Aim of the task | The records follow. Give them all back exactly.

Material for this exercise START

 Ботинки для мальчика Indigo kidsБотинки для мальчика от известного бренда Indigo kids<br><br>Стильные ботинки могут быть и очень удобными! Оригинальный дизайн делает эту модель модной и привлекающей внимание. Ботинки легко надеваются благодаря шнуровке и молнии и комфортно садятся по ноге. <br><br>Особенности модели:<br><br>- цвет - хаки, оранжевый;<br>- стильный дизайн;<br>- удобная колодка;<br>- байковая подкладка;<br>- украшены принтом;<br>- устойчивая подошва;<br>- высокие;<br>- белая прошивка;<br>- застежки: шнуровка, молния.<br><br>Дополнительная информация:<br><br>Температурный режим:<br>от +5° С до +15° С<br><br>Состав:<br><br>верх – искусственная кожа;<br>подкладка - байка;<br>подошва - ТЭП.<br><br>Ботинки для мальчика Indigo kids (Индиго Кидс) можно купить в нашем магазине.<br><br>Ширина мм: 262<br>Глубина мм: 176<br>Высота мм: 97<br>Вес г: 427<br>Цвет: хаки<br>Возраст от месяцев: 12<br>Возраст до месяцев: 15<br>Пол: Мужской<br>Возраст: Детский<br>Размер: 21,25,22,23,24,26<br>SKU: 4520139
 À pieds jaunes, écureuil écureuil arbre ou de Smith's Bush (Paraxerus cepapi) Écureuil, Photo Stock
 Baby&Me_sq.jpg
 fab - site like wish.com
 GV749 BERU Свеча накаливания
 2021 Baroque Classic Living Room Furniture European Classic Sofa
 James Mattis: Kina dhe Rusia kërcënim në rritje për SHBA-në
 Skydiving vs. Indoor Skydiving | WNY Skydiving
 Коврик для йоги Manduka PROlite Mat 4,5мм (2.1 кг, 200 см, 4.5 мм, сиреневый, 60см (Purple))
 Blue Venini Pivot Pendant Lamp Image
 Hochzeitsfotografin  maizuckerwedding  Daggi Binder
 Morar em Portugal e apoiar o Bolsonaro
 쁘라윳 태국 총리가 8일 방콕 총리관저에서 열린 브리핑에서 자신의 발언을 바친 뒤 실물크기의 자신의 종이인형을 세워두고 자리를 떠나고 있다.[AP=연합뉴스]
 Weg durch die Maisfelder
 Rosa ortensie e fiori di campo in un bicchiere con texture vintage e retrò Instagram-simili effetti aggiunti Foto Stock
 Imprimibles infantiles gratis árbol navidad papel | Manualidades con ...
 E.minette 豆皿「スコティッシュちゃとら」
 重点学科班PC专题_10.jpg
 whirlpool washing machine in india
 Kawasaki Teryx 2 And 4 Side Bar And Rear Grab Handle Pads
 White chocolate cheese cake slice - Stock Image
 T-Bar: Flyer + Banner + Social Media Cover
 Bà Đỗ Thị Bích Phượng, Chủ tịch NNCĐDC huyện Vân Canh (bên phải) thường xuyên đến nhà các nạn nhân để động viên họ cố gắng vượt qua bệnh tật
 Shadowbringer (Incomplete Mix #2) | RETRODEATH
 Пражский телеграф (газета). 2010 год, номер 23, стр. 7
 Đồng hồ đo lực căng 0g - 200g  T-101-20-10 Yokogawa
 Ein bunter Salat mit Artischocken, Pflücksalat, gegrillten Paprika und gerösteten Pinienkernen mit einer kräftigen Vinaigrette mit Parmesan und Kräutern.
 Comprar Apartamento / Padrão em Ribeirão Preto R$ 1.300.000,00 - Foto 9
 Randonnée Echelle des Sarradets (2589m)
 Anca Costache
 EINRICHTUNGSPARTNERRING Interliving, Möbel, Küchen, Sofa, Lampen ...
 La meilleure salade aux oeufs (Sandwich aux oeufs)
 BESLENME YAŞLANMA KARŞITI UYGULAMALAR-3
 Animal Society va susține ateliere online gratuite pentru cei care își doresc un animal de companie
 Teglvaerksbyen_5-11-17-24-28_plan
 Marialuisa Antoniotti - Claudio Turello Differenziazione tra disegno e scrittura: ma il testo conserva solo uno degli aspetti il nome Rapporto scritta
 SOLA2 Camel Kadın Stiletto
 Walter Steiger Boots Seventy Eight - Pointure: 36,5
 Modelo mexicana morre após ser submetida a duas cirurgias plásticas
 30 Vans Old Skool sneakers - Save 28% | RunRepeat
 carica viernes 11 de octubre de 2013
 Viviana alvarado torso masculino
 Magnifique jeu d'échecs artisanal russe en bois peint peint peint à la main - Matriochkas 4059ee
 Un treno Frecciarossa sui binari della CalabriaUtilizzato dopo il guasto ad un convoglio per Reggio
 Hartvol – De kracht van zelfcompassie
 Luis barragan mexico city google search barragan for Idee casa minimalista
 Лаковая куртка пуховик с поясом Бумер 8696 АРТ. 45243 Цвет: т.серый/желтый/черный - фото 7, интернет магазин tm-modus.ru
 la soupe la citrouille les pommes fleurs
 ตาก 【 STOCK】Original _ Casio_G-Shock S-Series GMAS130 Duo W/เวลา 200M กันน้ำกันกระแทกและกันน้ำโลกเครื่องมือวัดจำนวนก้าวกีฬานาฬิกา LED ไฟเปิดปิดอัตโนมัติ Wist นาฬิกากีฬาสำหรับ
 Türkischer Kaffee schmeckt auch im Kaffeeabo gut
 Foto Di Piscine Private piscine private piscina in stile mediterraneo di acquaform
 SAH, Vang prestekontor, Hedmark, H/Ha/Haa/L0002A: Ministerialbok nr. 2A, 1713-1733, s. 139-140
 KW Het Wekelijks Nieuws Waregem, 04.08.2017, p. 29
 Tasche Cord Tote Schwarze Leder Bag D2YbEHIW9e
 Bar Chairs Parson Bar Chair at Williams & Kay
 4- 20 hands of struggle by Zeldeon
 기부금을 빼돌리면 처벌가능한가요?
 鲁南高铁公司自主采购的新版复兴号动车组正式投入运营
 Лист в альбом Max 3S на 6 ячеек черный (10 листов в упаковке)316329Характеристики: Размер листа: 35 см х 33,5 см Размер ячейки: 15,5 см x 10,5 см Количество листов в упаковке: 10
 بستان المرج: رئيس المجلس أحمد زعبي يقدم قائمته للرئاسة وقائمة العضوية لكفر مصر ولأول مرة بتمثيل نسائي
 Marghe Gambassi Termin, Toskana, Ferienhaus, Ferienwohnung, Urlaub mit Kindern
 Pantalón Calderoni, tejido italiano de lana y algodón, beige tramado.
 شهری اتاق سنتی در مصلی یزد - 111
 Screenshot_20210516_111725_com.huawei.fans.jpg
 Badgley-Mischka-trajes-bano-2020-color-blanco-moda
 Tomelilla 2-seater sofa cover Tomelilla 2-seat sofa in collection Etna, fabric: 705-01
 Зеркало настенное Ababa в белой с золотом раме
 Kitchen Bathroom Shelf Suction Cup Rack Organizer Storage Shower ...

Material for this exercise END

Result |
 Ботинки для мальчика Indigo kidsБотинки для мальчика от известного бренда Indigo kids<br><br>Стильные ботинки могут быть и очень удобными! Оригинальный дизайн делает эту модель модной и привлекающей внимание. Ботинки легко надеваются благодаря шнуровке и молнии и комфортно садятся по ноге. <br><br>Особенности модели:<br><br>- цвет - хаки, оранжевый;<br>- стильный дизайн;<br>- удобная колодка;<br>- байковая подкладка;<br>- украшены принтом;<br>- устойчивая подошва;<br>- высокие;<br>- белая прошивка;<br>- застежки: шнуровка, молния.<br><br>Дополнительная информация:<br><br>Температурный режим:<br>от +5° С до +15° С<br><br>Состав:<br><br>верх – искусственная кожа;<br>подкладка - байка;<br>подошва - ТЭП.<br><br>Ботинки для мальчика Indigo kids (Индиго Кидс) можно купить в нашем магазине.<br><br>Ширина мм: 262<br>Глубина мм: 176<br>Высота мм: 97<br>Вес г: 427<br>Цвет: хаки<br>Возраст от месяцев: 12<br>Возраст до месяцев: 15<br>Пол: Мужской<br>Возраст: Детский<br>Размер: 21,25,22,23,24,26<br>SKU: 4520139
 À pieds jaunes, écureuil écureuil arbre ou de Smith's Bush (Paraxerus cepapi) Écureuil, Photo Stock
 Baby&Me_sq.jpg
 fab - site like wish.com
 GV749 BERU Свеча накаливания
 2021 Baroque Classic Living Room Furniture European Classic Sofa
 James Mattis: Kina dhe Rusia kërcënim në rritje për SHBA-në
 Skydiving vs. Indoor Skydiving | WNY Skydiving
 Коврик для йоги Manduka PROlite Mat 4,5мм (2.1 кг, 200 см, 4.5 мм, сиреневый, 60см (Purple))
 Blue Venini Pivot Pendant Lamp Image
 Hochzeitsfotografin  maizuckerwedding  Daggi Binder
 Morar em Portugal e apoiar o Bolsonaro
 쁘라윳 태국 총리가 8일 방콕 총리관저에서 열린 브리핑에서 자신의 발언을 바친 뒤 실물크기의 자신의 종이인형을 세워두고 자리를 떠나고 있다.[AP=연합뉴스]
 Weg durch die Maisfelder
 Rosa ortensie e fiori di campo in un bicchiere con texture vintage e retrò Instagram-simili effetti aggiunti Foto Stock
 Imprimibles infantiles gratis árbol navidad papel | Manualidades con ...
 E.minette 豆皿「スコティッシュちゃとら」
 重点学科班PC专题_10.jpg
 whirlpool washing machine in india
 Kawasaki Teryx 2 And 4 Side Bar And Rear Grab Handle Pads
 White chocolate cheese cake slice - Stock Image
 T-Bar: Flyer + Banner + Social Media Cover
 Bà Đỗ Thị Bích Phượng, Chủ tịch NNCĐDC huyện Vân Canh (bên phải) thường xuyên đến nhà các nạn nhân để động viên họ cố gắng vượt qua bệnh tật
 Shadowbringer (Incomplete Mix #2) | RETRODEATH
 Пражский телеграф (газета). 2010 год, номер 23, стр. 7
 Đồng hồ đo lực căng 0g - 200g  T-101-20-10 Yokogawa
 Ein bunter Salat mit Artischocken, Pflücksalat, gegrillten Paprika und gerösteten Pinienkernen mit einer kräftigen Vinaigrette mit Parmesan und Kräutern.
 Comprar Apartamento / Padrão em Ribeirão Preto R$ 1.300.000,00 - Foto 9
 Randonnée Echelle des Sarradets (2589m)
 Anca Costache
 EINRICHTUNGSPARTNERRING Interliving, Möbel, Küchen, Sofa, Lampen ...
 La meilleure salade aux oeufs (Sandwich aux oeufs)
 BESLENME YAŞLANMA KARŞITI UYGULAMALAR-3
 Animal Society va susține ateliere online gratuite pentru cei care își doresc un animal de companie
 Teglvaerksbyen_5-11-17-24-28_plan
 Marialuisa Antoniotti - Claudio Turello Differenziazione tra disegno e scrittura: ma il testo conserva solo uno degli aspetti il nome Rapporto scritta
 SOLA2 Camel Kadın Stiletto
 Walter Steiger Boots Seventy Eight - Pointure: 36,5
 Modelo mexicana morre após ser submetida a duas cirurgias plásticas
 30 Vans Old Skool sneakers - Save 28% | RunRepeat
 carica viernes 11 de octubre de 2013
 Viviana alvarado torso masculino
 Magnifique jeu d'échecs artisanal russe en bois peint peint peint à la main - Matriochkas 4059ee
 Un treno Frecciarossa sui binari della CalabriaUtilizzato dopo il guasto ad un convoglio per Reggio
 Hartvol – De kracht van zelfcompassie
 Luis barragan mexico city google search barragan for Idee casa minimalista
 Лаковая куртка пуховик с поясом Бумер 8696 АРТ. 45243 Цвет: т.серый/желтый/черный - фото 7, интернет магазин tm-modus.ru
 la soupe la citrouille les pommes fleurs
 ตาก 【 STOCK】Original _ Casio_G-Shock S-Series GMAS130 Duo W/เวลา 200M กันน้ำกันกระแทกและกันน้ำโลกเครื่องมือวัดจำนวนก้าวกีฬานาฬิกา LED ไฟเปิดปิดอัตโนมัติ Wist นาฬิกากีฬาสำหรับ
 Türkischer Kaffee schmeckt auch im Kaffeeabo gut
 Foto Di Piscine Private piscine private piscina in stile mediterraneo di acquaform
 SAH, Vang prestekontor, Hedmark, H/Ha/Haa/L0002A: Ministerialbok nr. 2A, 1713-1733, s. 139-140
 KW Het Wekelijks Nieuws Waregem, 04.08.2017, p. 29
 Tasche Cord Tote Schwarze Leder Bag D2YbEHIW9e
 Bar Chairs Parson Bar Chair at Williams & Kay
 4- 20 hands of struggle by Zeldeon
 기부금을 빼돌리면 처벌가능한가요?
 鲁南高铁公司自主采购的新版复兴号动车组正式投入运营
 Лист в альбом Max 3S на 6 ячеек черный (10 листов в упаковке)316329Характеристики: Размер листа: 35 см х 33,5 см Размер ячейки: 15,5 см x 10,5 см Количество листов в упаковке: 10
 بستان المرج: رئيس المجلس أحمد زعبي يقدم قائمته للرئاسة وقائمة العضوية لكفر مصر ولأول مرة بتمثيل نسائي
 Marghe Gambassi Termin, Toskana, Ferienhaus, Ferienwohnung, Urlaub mit Kindern
 Pantalón Calderoni, tejido italiano de lana y algodón, beige tramado.
 شهری اتاق سنتی در مصلی یزد - 111
 Screenshot_20210516_111725_com.huawei.fans.jpg
 Badgley-Mischka-trajes-bano-2020-color-blanco-moda
 Tomelilla 2-seater sofa cover Tomelilla 2-seat sofa in collection Etna, fabric: 705-01
 Зеркало настенное Ababa в белой с золотом раме
 Kitchen Bathroom Shelf Suction Cup Rack Organizer Storage Shower ...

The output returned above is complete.